# Mossberg 500 - Difficult disassembly



## the_waterwolf (Feb 8, 2013)

Hello,

I recently purchased a Mossberg 500 12 guage from the 1962-1967 era. The gun is in much need of a good cleaning (it doesn't appear to have ever been cleaned).

I am in the process of breaking it down and I cannot for the life of me remove the trigger housing pin so that I can thoroughly clean the action.

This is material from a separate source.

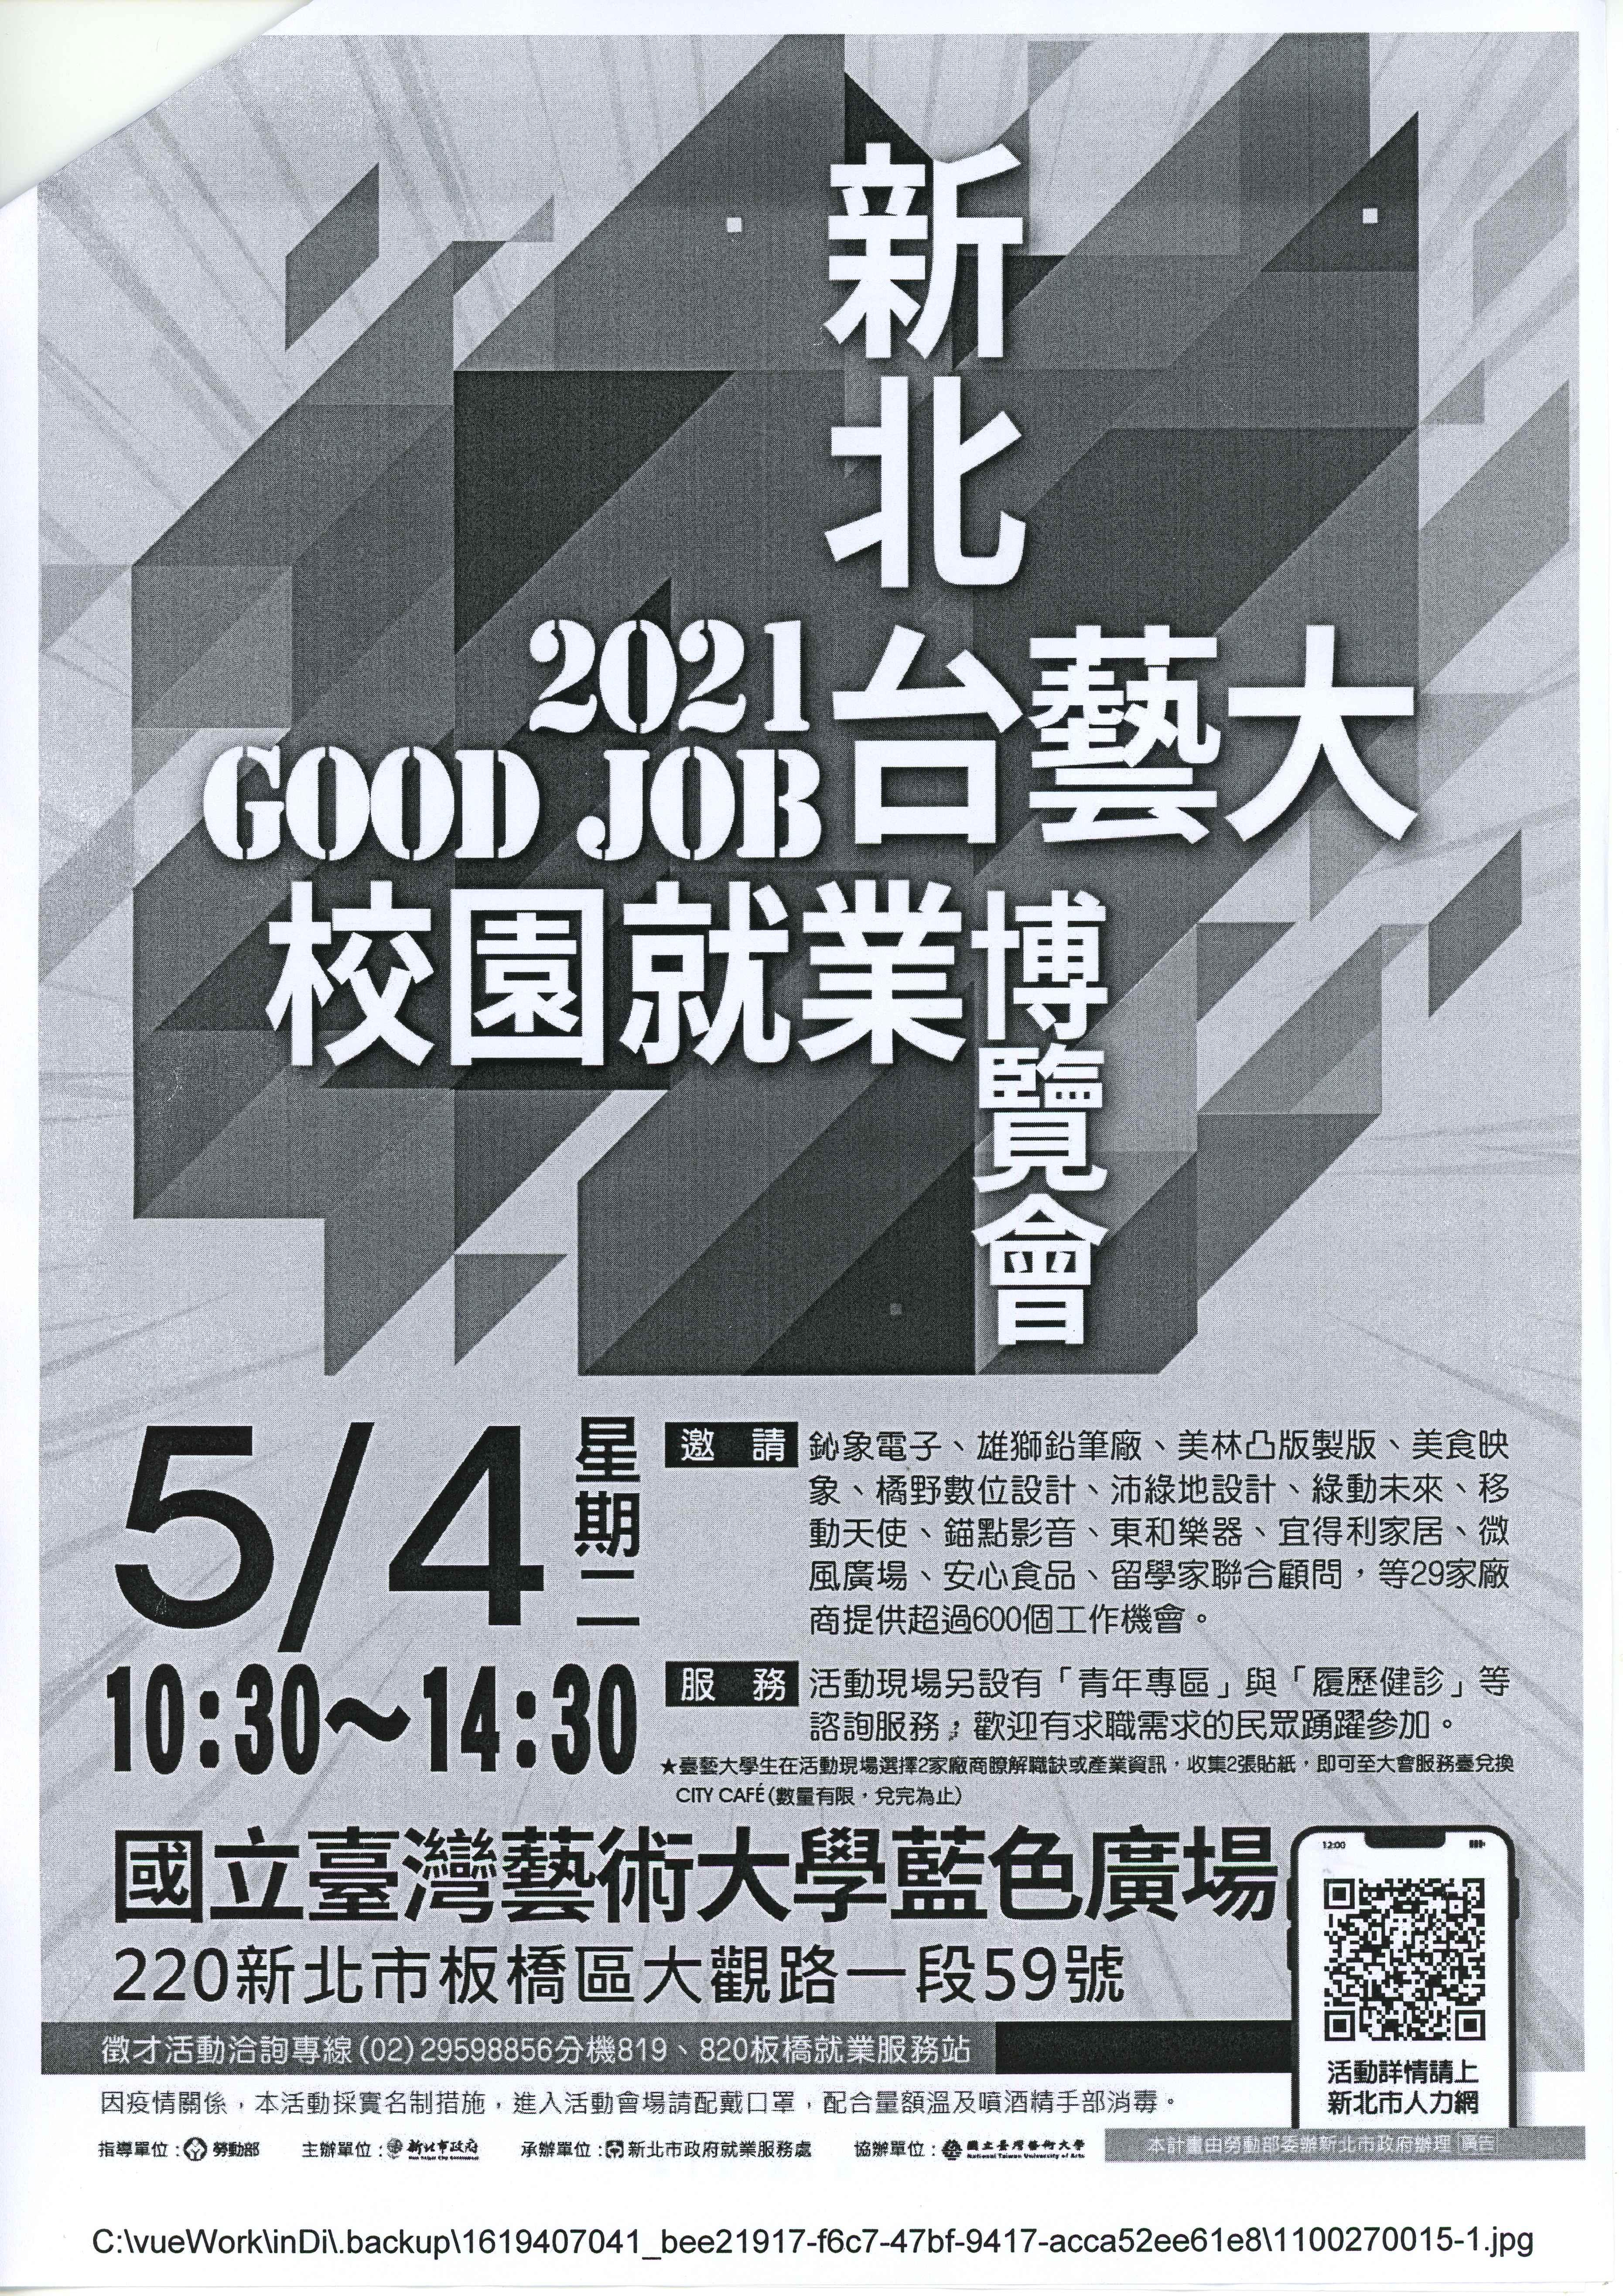 2021新北台藝大校園就業博覽會 5/4

Any advice on how to get this thing out?


----------



## the_waterwolf (Feb 8, 2013)

Attached are some photos. Any help is very much appreciated.


----------



## Drm50 (Dec 26, 2014)

Somebody replaced factory pin with a roll pin. You need a roll pin punch to remove it under ideal
conditions. If this pin has been beat on to much the edges will tend to rivet. If it has been hit from
both sides this could be a problem. Give pin a close look to see if this is the case. If it has only been hit from one side, it should be tapped out from opposite side. Pin punches that are tapped into center hole will cause pin to expand diameter adding to the PIA. A standard pin punch can be
used but must be same size as OD of roll pin. The correct punch should fetch it out easily. If correct
pin was in it you could push it out with tip of Bic pen. Be careful you don't damage housing of trigger group when driving pin out. Older models are cast metal housings, new are plastic. This pin
is all that holds trigger group in place. Front is just a lip and pin holds it from moving. As last resort you can use a drill bit just a little larger than hole in pin.
Using hole in pin as pilot hole drill through pin, in drill press. The roll pins are tough spring like steel so use oil when drilling. Sometimes it will go on through with bit. If not it will weaken pin and will come out easier. I have had to take a lot
of them out of pump shot guns of all makes. Guys loose pins and any HDW store
has roll pins. The cheapest and easiest fix but not one I would recommend.


----------



## the_waterwolf (Feb 8, 2013)

Looks like illI be buying a roll pin punch kit in the near future. I'll report back as I progress.


----------



## Dovans (Nov 15, 2011)

I remember taking Roll Pins out of my Cub Cadet... I had to have solid piece of steel underneath to bang those things out. They came out easy once I got the steel lined up right.


----------



## ezbite (May 25, 2006)

Did you get it out? I've have had a few mossberg pumps in my day and I've never seen a roll pin in one, always a solid pin. Who the hell does that? Make sure you rest the receiver on something solid (couple 2x4's) before pounding it out so it's not bouncing around.


----------



## Drm50 (Dec 26, 2014)

Yea, make sure it's supported on both sides of pin- on action. Don't use stock as support or you may Crack it when driving out roll pin.


----------